The new season of Rehab Addict takes place in metro Detroit — she says they didn't want to film in Minneapolis after the drama with the city. It starts with two houses, both originally built in 1928; one in Ferndale, and one in Birmingham. (Earlier this year, the Birmingham house got hit by a speeding car during a police chase.) Neither are particularly glamorous or intriguing, but Curtis is convinced the Birmingham house would've been demolished if she didn't buy it.

She says she returned to the show somewhat reluctantly — between caring for her youngest and her recently widowed grandfather, Curtis says she has a full plate. But eventually, she couldn't resist.

"I was like, you know what, this is stupid. I need to get all this while I can," she says. "We like doing the show, it's just I did so much at once. We didn't stop working for seven years. It was insane. I worked the whole time I was pregnant ... we shot 19 episodes in three months after I had the baby. And then I had a book. My grandmother passed away. It was just too much at once. So we took a break because I wanted to get in a frame of mind where it's fun again to be building. And now it is fun."

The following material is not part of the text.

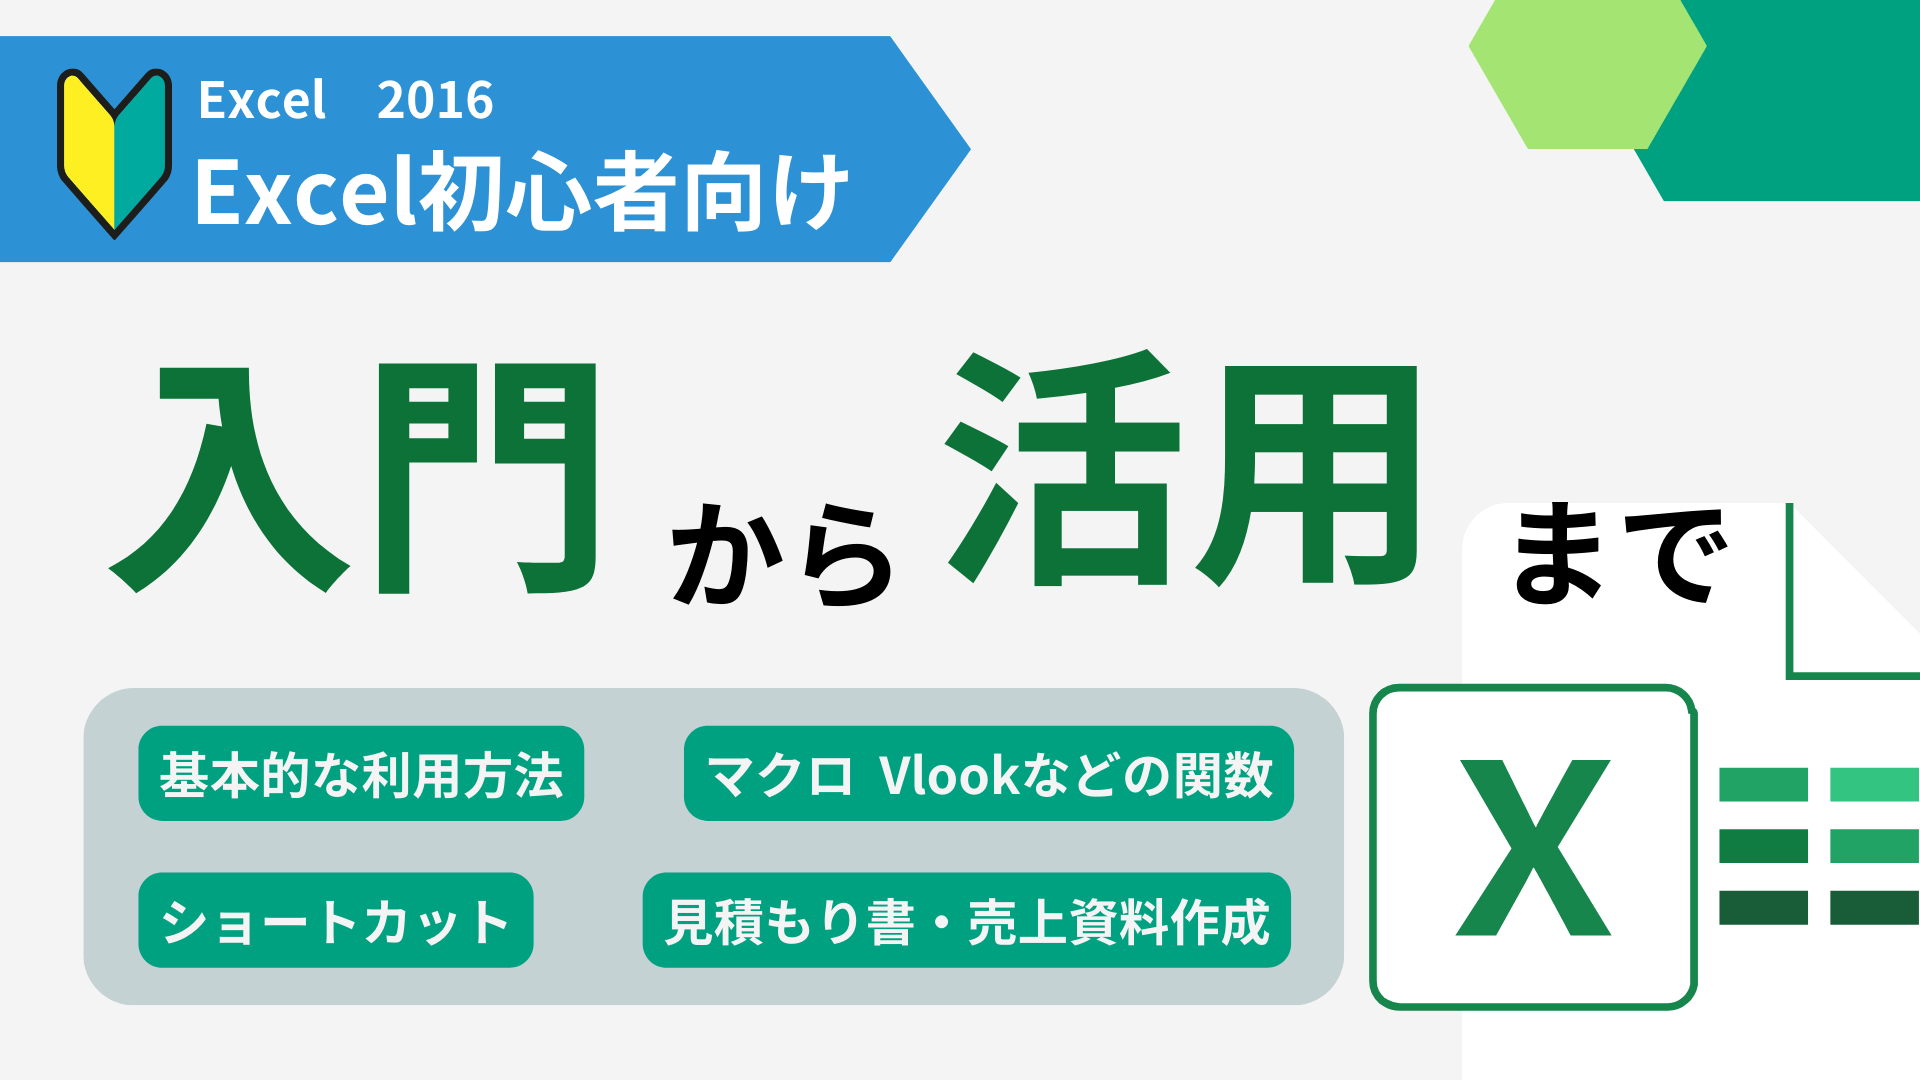 Excel 2016 Learning（入門から活用まで）

Curtis says she has more flexibility now. While filming, her lead carpenter’s daughter was going through chemotherapy, so Curtis says they needed to both be able to schedule around their families.

"Our families dictate," she says. "If we were really a gung-ho construction company and I really had my head in the game, we could be turning out hundreds of houses. But we just can't. So the ones we pick, we're very selective."

Curtis says these days, her role is more of a producer — she doesn't do as much actual building anymore. "It doesn't mean that I still can't frame a wall, or take a wall down — trust me, I can, but I don't have to," she says. "I think when I was 25, 26, 27, I needed to prove to everyone that I could."

She says she's more interested in trying to find new ways to make her projects more sustainable — not in terms of eco-friendliness per se, but to make them last longer. She also says her new baby has got her to start thinking about how to make her projects more child-friendly.

Looking back, Curtis admits this is not the life she dreamed for herself. "I never know where my life is going to be because it's been so odd. I was cleaning houses. I had my little cleaning business out of my house in Ferndale. And honestly, I keep joking when stuff gets so stressful, I'll go clean your house," she says.

Until then, Curtis remains a somewhat unlikely TV star. "I'm not very PC, obviously. If I was, I probably would be a lot further in TV-land. But they never know what's going to come out of my mouth. I mean, I never know what's going to come out of my mouth," she says. "For me, it was just about providing security for my family."

And that's why, she says, people continue to tune in. "My viewers aren't standard viewers. The standard HGTV viewer is like, 'We're getting engaged! We're married! We're having a wedding shower! We bought our first house!' I still have those people, but it's just a different kind of vibe," she says. "They know that my life mirrors their life. I have problems. They have problems."

She adds, "I always laugh. It's like, one day, people... if I'm like, 'happily ever after,' the show's over. There's nothing to film. Nobody wants to watch that."

The new season of Rehab Addict airs Wednesdays at 9 p.m. on DIY Network.